These days, you don’t have to look too far for the latest studies (valid and reliable or not) on modern health risks – ten minutes after signing into Facebook, you’re likely to scroll through at least a dozen shared posts detailing the perils of…well, probably everything you currently do on a daily basis.
My husband, Brett, usually mocks these posts (and okay, I’ll admit…I join in on the fun…it’s how we bond sometimes…), but after reading about how a sedentary desk job can affect various facets of your life, and after feeling phantom, unpredictable foot pain on several runs last year, I found myself convinced that sitting all day is more problematic than I previously thought it was. After all, I would walk miles and miles in college and grad school across sprawling campuses, and transitioned into running pretty easily, so why would my body suddenly rebel against me like this? Methinks a big girl job or two that involves sitting all day at a desk might play a role in this.
The research on standing desks is mixed, but experts across various disciplines agree that staying in one position all day – in this case, sitting for 8 hours or more, every workday- increases your risk of heart disease and some cancers, and weakens key muscles. Welp, which muscles, might you ask? The muscles that you use for running. And unfortunately, running before or after work is not enough to counteract the damage being done.

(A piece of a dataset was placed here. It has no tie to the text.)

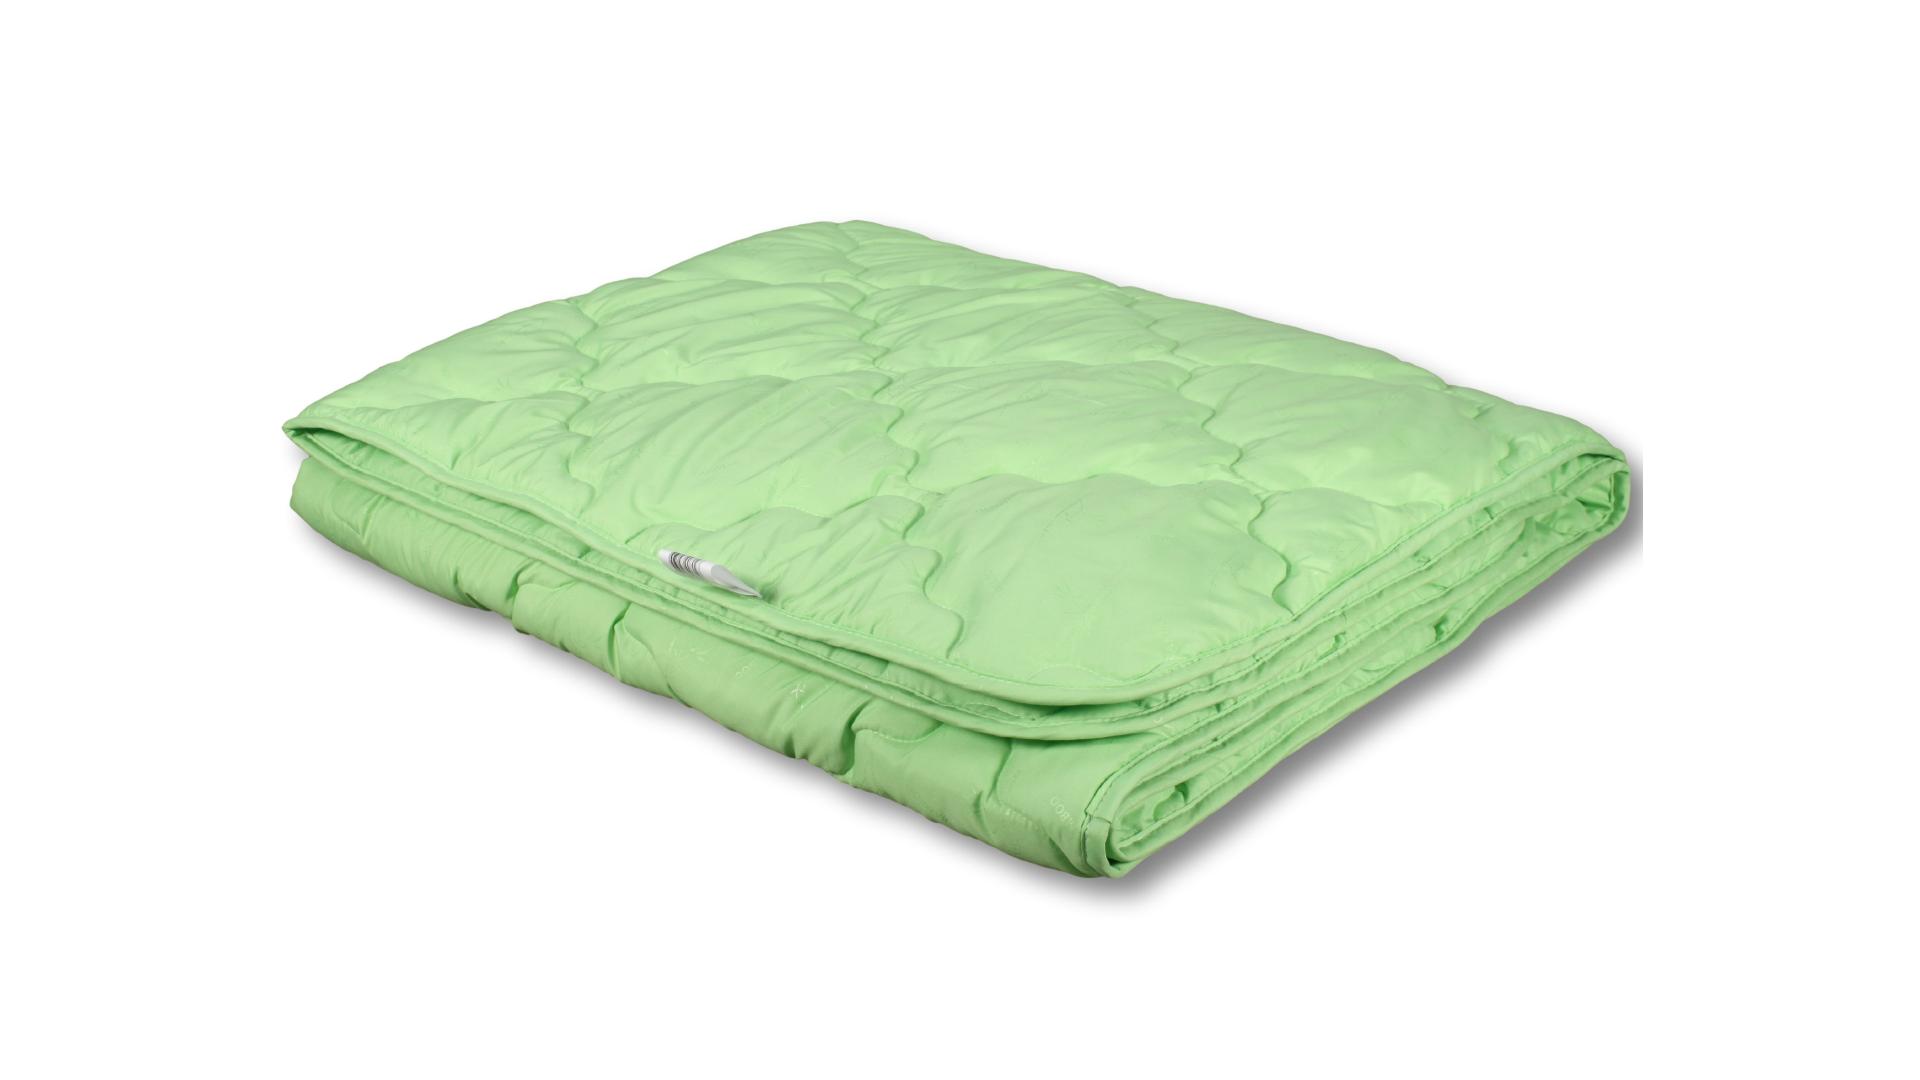 Одеяло Микрофибра-Бамбук Лёгкое фото FullHD (0)

So when my boss offered the chance to try standing desks at our workplace, I was definitely interested in participating! Not only does a standing desk feel like a mini-office space renovation (seriously, it really opens up a room), it’s a way to fit some movement into your day. Like I said, the research is inconclusive on standing desks, so I’m not convinced you have to stand the entire day to reap the benefits. I have a raised desk and tall chair, so I can sit or stand whenever I want without having to adjust the equipment, although I have tested the adjustable desk and I like that option as well.
My current practice is to stretch and stand (again, the key is to get some movement in) for at least 45 minutes to an hour after an hour of sitting. Standing at my desk is starting to feel more normal, and it’s becoming easier to send out a few emails and get some work done while standing for over an hour. Of course, meetings that run a bit long make this goal a little less attainable. I have noticed a little muscle soreness while transitioning, but nothing severe enough to make me discontinue this budding habit.
If you’re not convinced, or your workplace is slow to adopt this new office trend, here are some options for making sure sitting all day doesn’t affect your running:
- Taking short walk breaks every couple of hours to fill up a water bottle or chat with a colleague about a project
- Using your break or lunch time to go for a walk (great if you have a huge building or access to a tunnel or skywalk!)
- Standing at your desk to stretch and do some quick drills, like high-knees or quad stretches)
Do you have a standing desk at work? Do you like it? Let me know in the comments.